I have a big question. I'm posting it at several reputable forums in hopes that someone out there knows an answer. I work for a company that uses a number of Dell Servers with PERC cards to handle our RAID configurations. Recently I was assigned the task of setting up RAID 10's utilizing the PERC 3/DC, which is the main controller we use. I happened to stumble across some documentation on the Dell website which states that "On the PERC 2/SC, 2/DC, 3/SC, 3/DCL, 3/DC, and 3/QC controllers, RAID-10 is implemented as RAID-1 Concatenated." According to Dell's definition of Concatenation earlier in this same article, "Data fills up the first disk before it is written to the second disk." In other words, in a true RAID 10 one gets redundancy because all data is mirrored on two hard drives but one also gets data access optimization because the data has been striped across all the mirrors. In RAID 1C (as I have dubbed it) you get redundancy because all data is mirrored but you lost the access optimization because the data is written to the first hard drive until it is finished, the it goes on to the second and so on. Not only is there a data bottleneck as data is written, but also when it is accessed because the data needed is not likely to be on multiple drives and thus all requests focus (generally) on only one drive, creating a bottleneck.
	We intended to upgrade to a 4/DC to overcome this problem, however I wanted to "triple check" that the 4/DC supported true RAID 10 and the 3/DC (etc.) did not. I called DELL and after spending over an hour on the phone with them was told that they were unsure whether either the 3 or 4 series of PERC cards supported true RAID 10.
	My question is, does anyone know?
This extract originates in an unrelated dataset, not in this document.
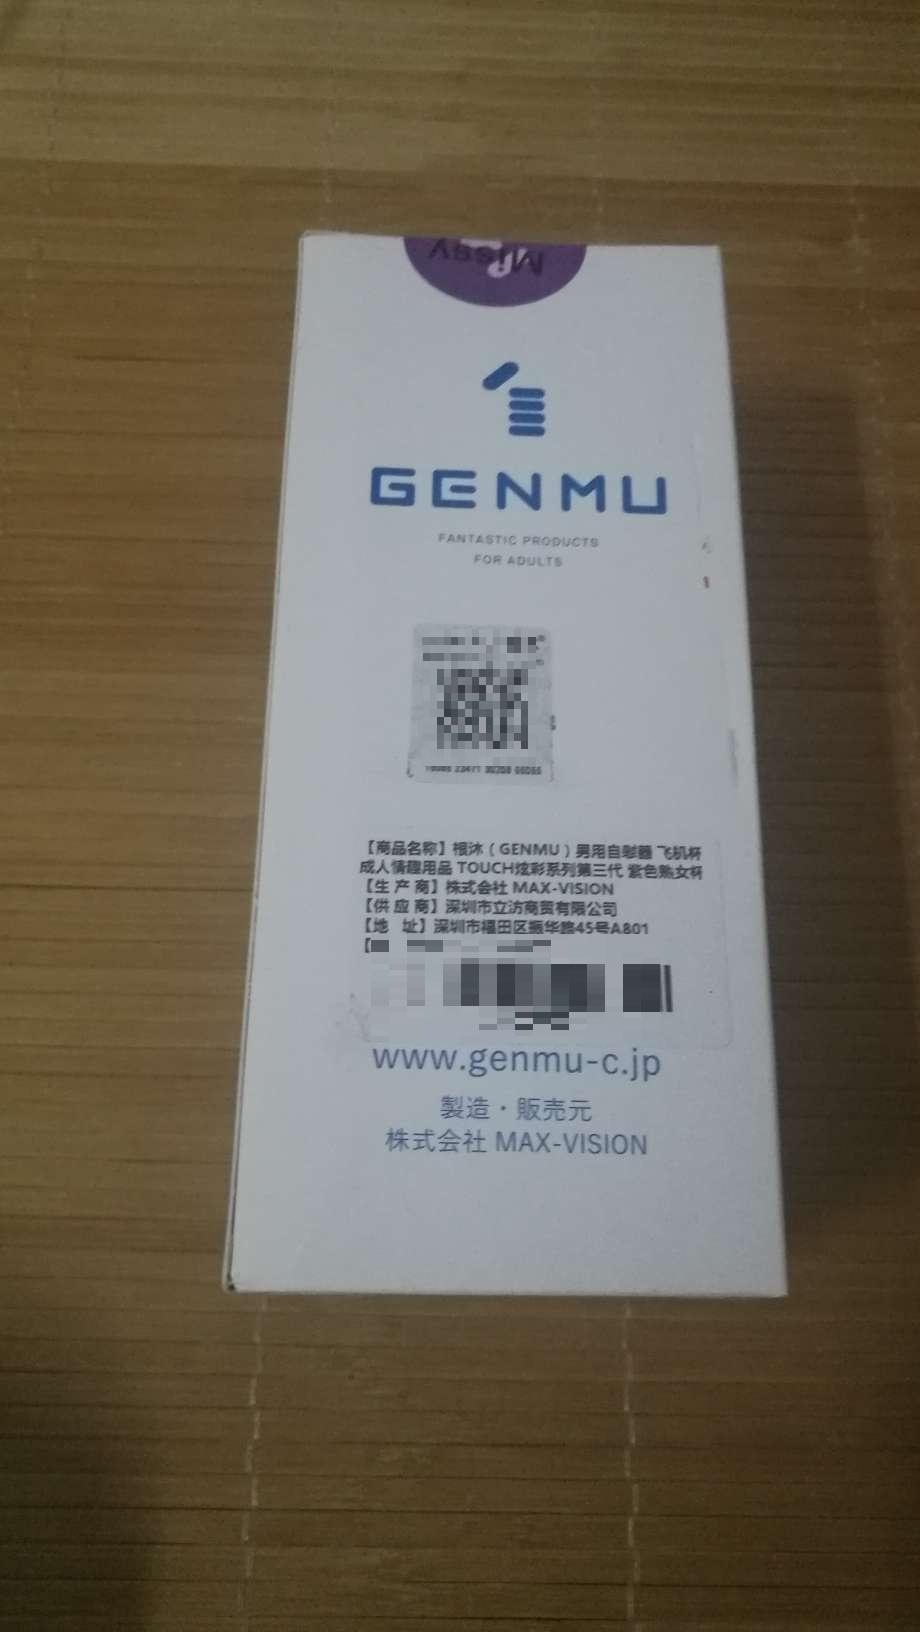 air max 1 green and white 002108348 shop
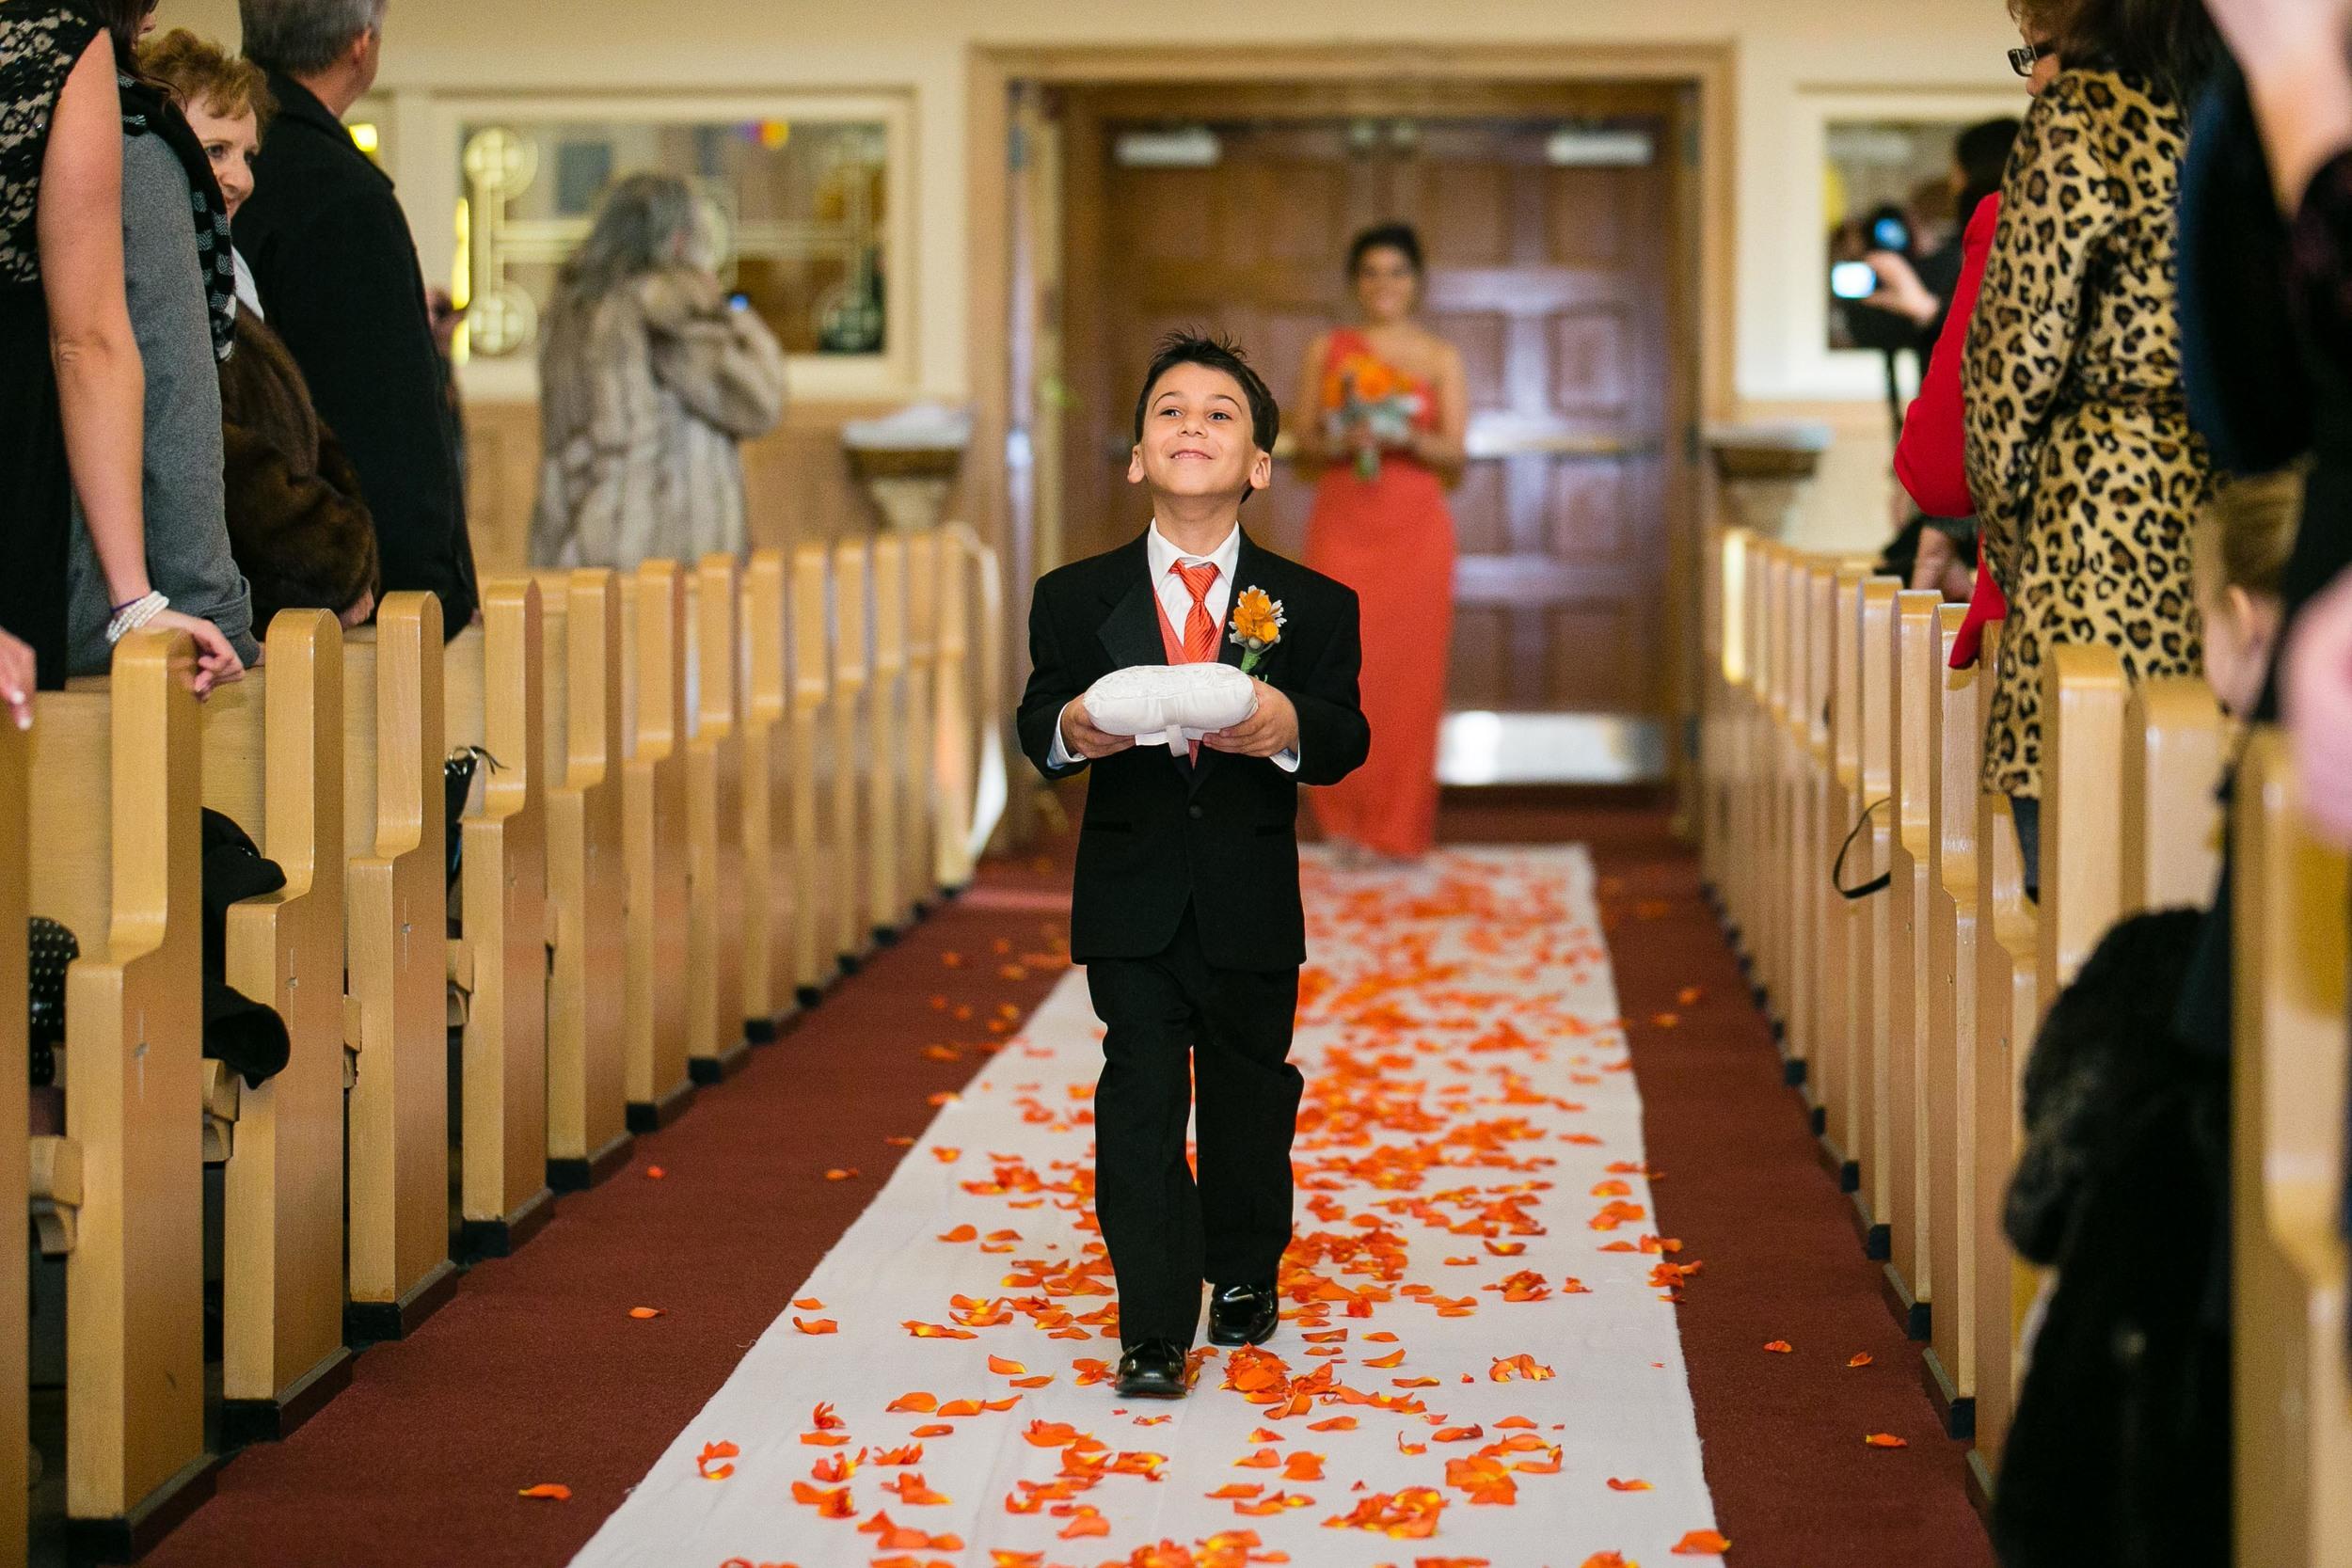 Greek-Wedding-Hartford-La-Notte-Restaurant-Connecticut-Documentary-Wedding-Photography-by-Jacek-Dolata-6.jpg

Does any PERC card support true RAID 10?
	Here is the Dell product page that states that the 3/DC supports RAID 10: http://accessories.us.dell.com/sna/...age=productlisting.aspx&instock=&refurbished=
	Here is the Dell Documentation page that states that 3/DC does not support true RAID 10: http://support.ap.dell.com/docs/SOFTWARE/smarrman/marb31/ch3_stor.htm
	Anyone who can clear up this question will be our hero.
David.


----------



## dfloyd

*Perc4/DC & Raid10*

We experienced a similiar dilemma.  

We setup a Raid 10 on a Perc4/DC card with 14 drives in the same raid.  When we read/write to the drive, only a couple of drives would light up.  This got us curious as to why all drives didn't light up with Raid10.  That is when we researched and found info about Dell not doing true Raid10.  

We also did some benchmark testing with different raid configurations on the 4DC and found that Raid0 with even 2 drives was faster than the Raid10 with 14 drives.  We expected the Raid10 with 14 drives to be as fast as Raid0 with 7 drives.  Not so with the 4DC card doing the concatenation.


----------